Их мысль объединила – совместная догадка, и то, что зародилась она в голове у одного, а высказал ее вслух другой, значило, что догадка, скорее всего, верная.

Огромная зажженная свеча с трудом полезла в забитый воском подсвечник. Архаров установил ее и обратился к своему угоднику простыми словами. Да и не словами, возможно – а желанием всей души, чтобы поскорее кончилась суета вокруг самозванца, чтобы его изловили наконец!

Вдруг Архаров вспомнил важное…

– Ты, отец Никон, не уходи, я сейчас Сеньку с бумажкой пришлю. Надобно поскорее отслужить панихиду о невинно убиенных.

– Да, разумеется, – согласился священник. – Но, может, завтра?

– Сегодня.

С тем Архаров и поспешил прочь.

Дома он первым делом призвал Матвея.

Тот доложил – все спят!

Спала девочка Анюта, которой он, как и Клаварошу, прописал молоко с опиумной настойкой. Спал Левушка – как приехал, так и повалился, его нашли в Анютиной комнате, в кресле возле постели. Спал безымянный немец, которому дед Кукша на сей раз дергал руки, поворачивая их в суставах, и, кажется, даже тянул его за уши. Об этом Матвею донесли бабы – Настасья и Аксинья, присматривавшие за немцем, самого доктора костоправ и близко бы во время лечения не подпустил.

– Но консилиум я все же соберу! Сей случай достоин изучения – человеку давно пора окочуриться, он же все живет, – так закончил доктор свой рапорт. – А теперь и мне бы недурственно…

– Чего тебе недурственно? – насупившись, спросил Архаров, готовый тут же высказать все, что думает о запойных докторах.

– Вздремнуть!

Но, зная норов приятеля, Архаров позвал Меркурия Ивановича и поручил ему уложить доктора в комнате третьего жилья и убедиться, что заснул, а не пойдет на поварню выпрашивать наливочки у "черной" кухарки Аксиньи. Такое за ним водилось.

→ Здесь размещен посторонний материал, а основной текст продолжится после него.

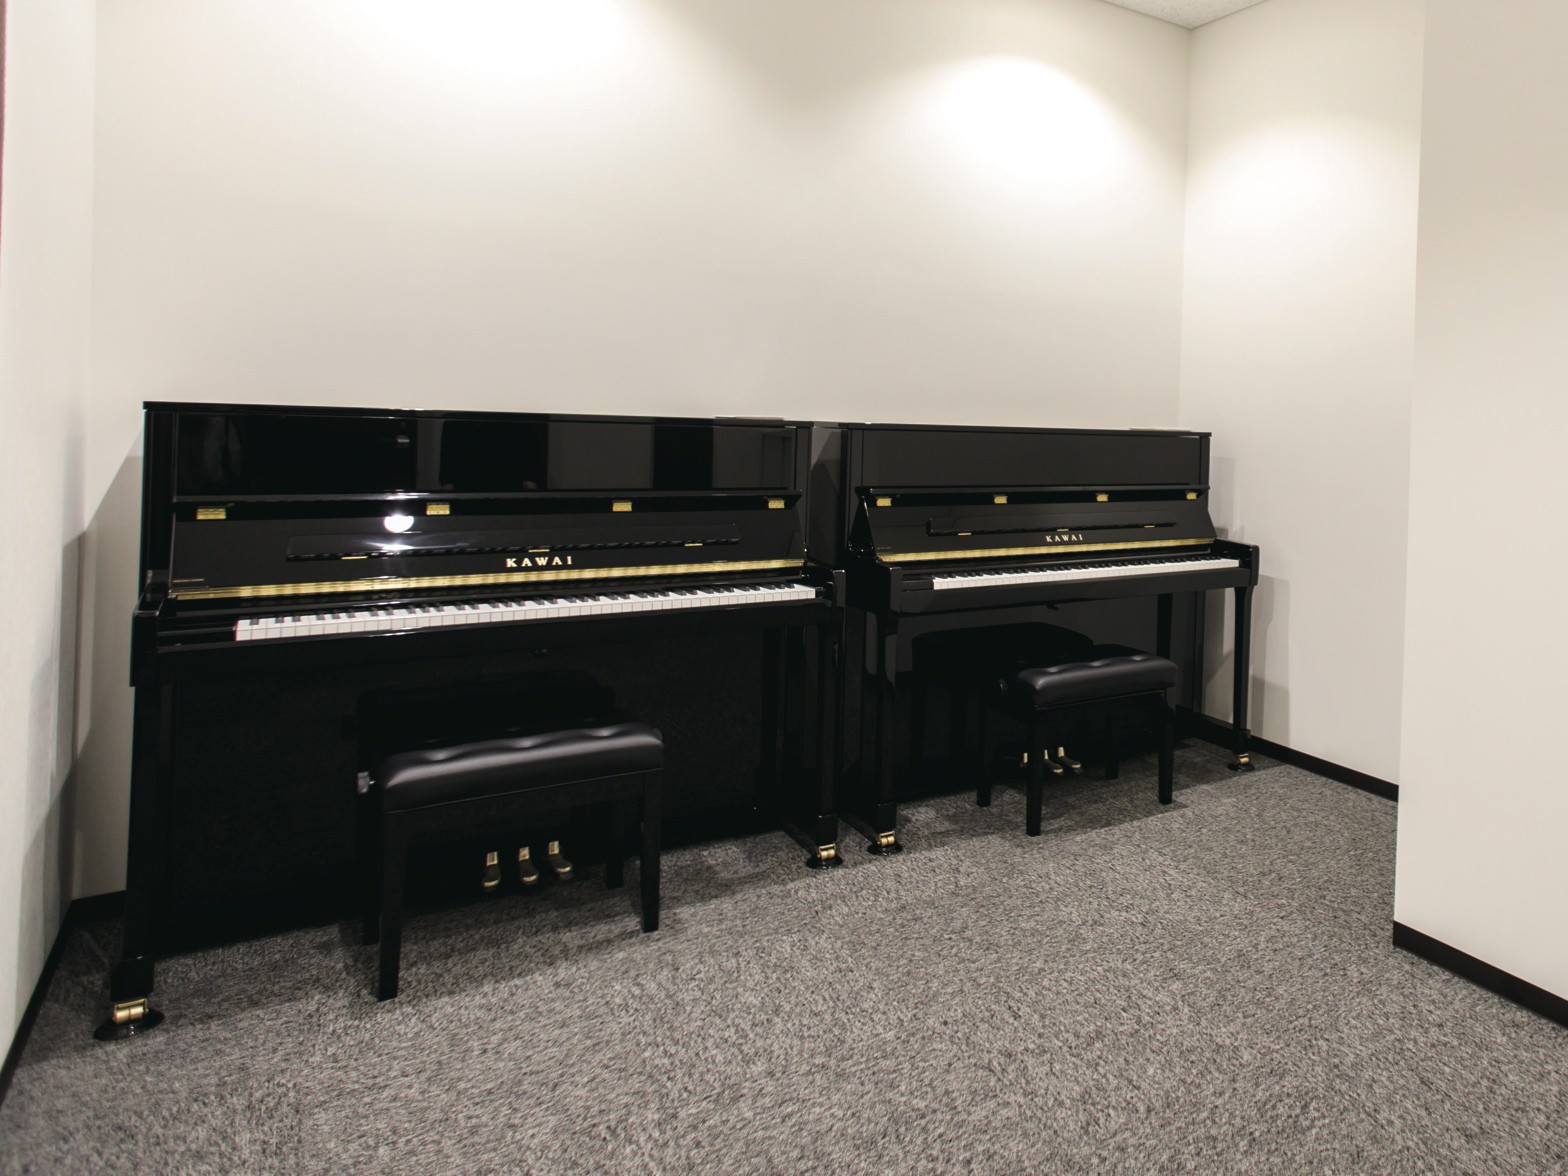 ピアノレッスン室。3つのグループレッスン室と18の個人レッスン室があり、授業の合間に個人練習も可能です。

Потом приказал Никодимке растолкать его драгоценного приятеля и главного защитника – поручика Тучкова, а как продерет глазыньки – к хозяину дома в кабинет. Сеньке Архаров велел не раздеваться и ждать записочки к отцу Никону.

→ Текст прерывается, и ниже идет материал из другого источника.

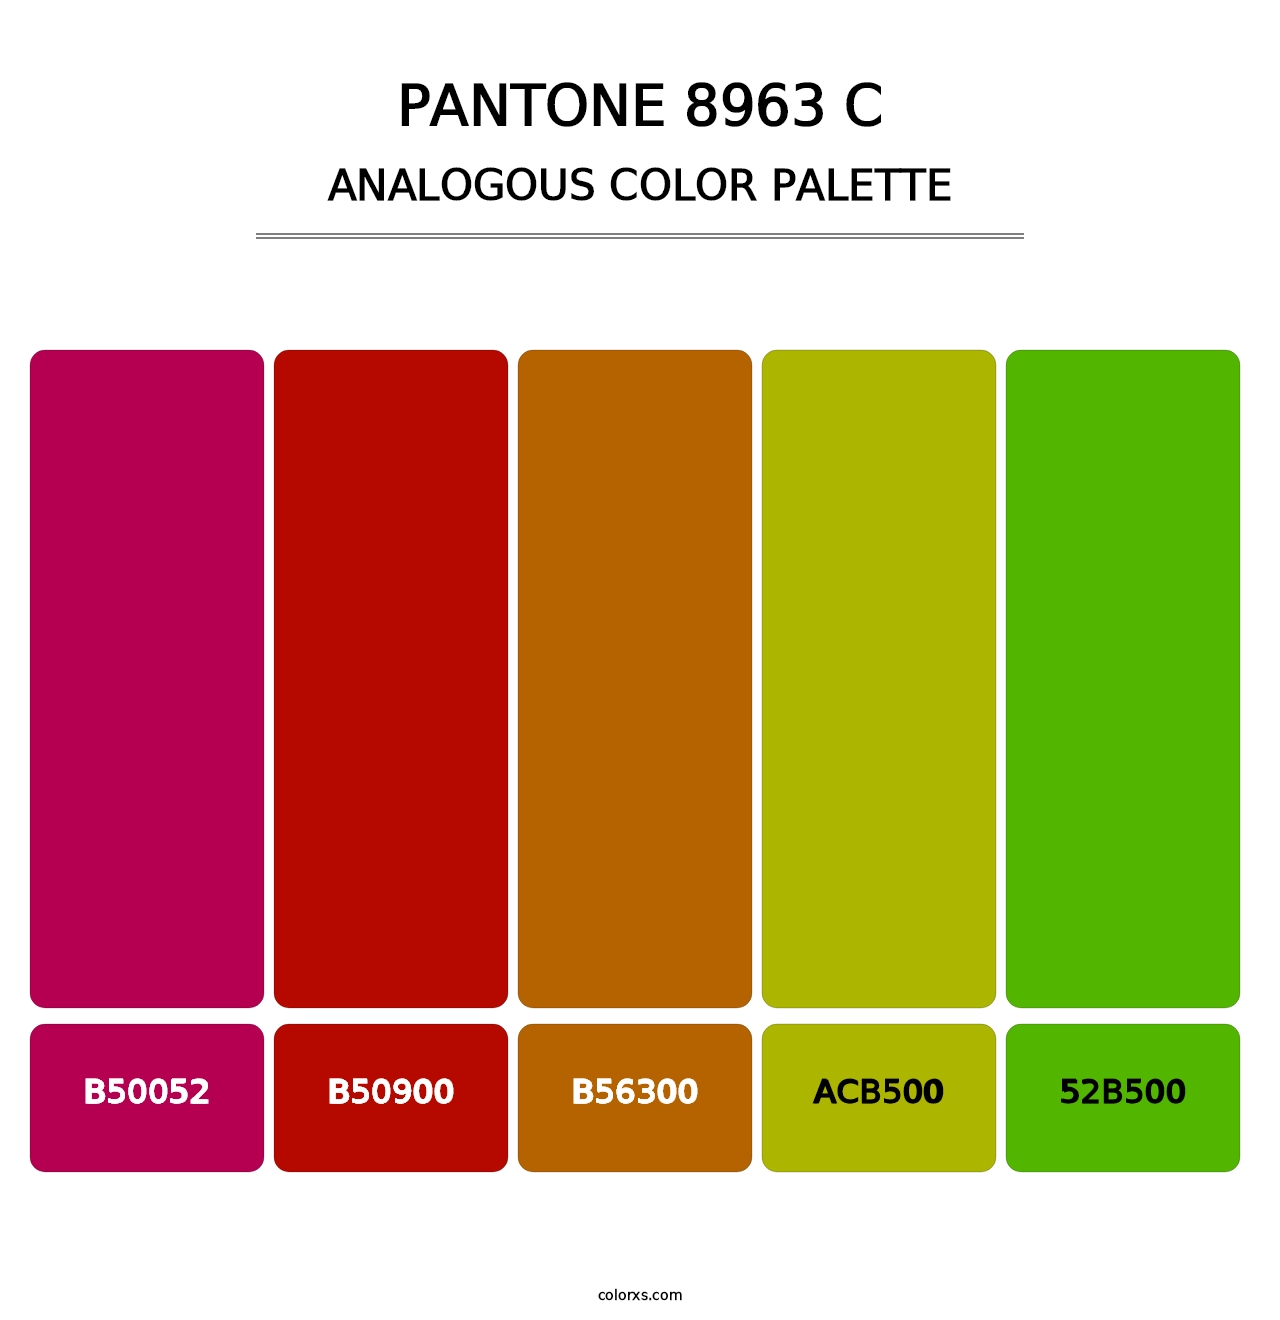 PANTONE 8963 C - Analogous Color Palette

Левушка явился встрепанный, недовольный, и когда услышал приказ взяться за бумагу и перо – остолбенел.

Архаров знал, что означает его взъерошенный вид. Левушка возмущался отсутствием у старшего друга обыкновенной деликатности: человеку, только что не сумевшему уберечь близких, лишний раз напоминали об этом! Человек набрался мужества, зажал себя в кулак, обо всем доложил в полицейской конторе – и что же, мало?! Однако потворствовать Левушке Архаров не желал – не девица на выданье, чай, и не монастырка из Смольного.

– Садись, пиши всех поименно. Более некому.

Левушка вздохнул, сел за стол и сунул перо в чернильницу. Тут лишь выяснилось, что чернила там высохли. Архаров брался за писанину крайне редко. Кликнули Никодимку, послали к Саше за чернилами, Саша сам принес бутылочку – и к той минуте, когда уже следовало вспоминать всех погибших поименно, Левушка был более или менее спокоен – насколько он вообще умел быть спокойным.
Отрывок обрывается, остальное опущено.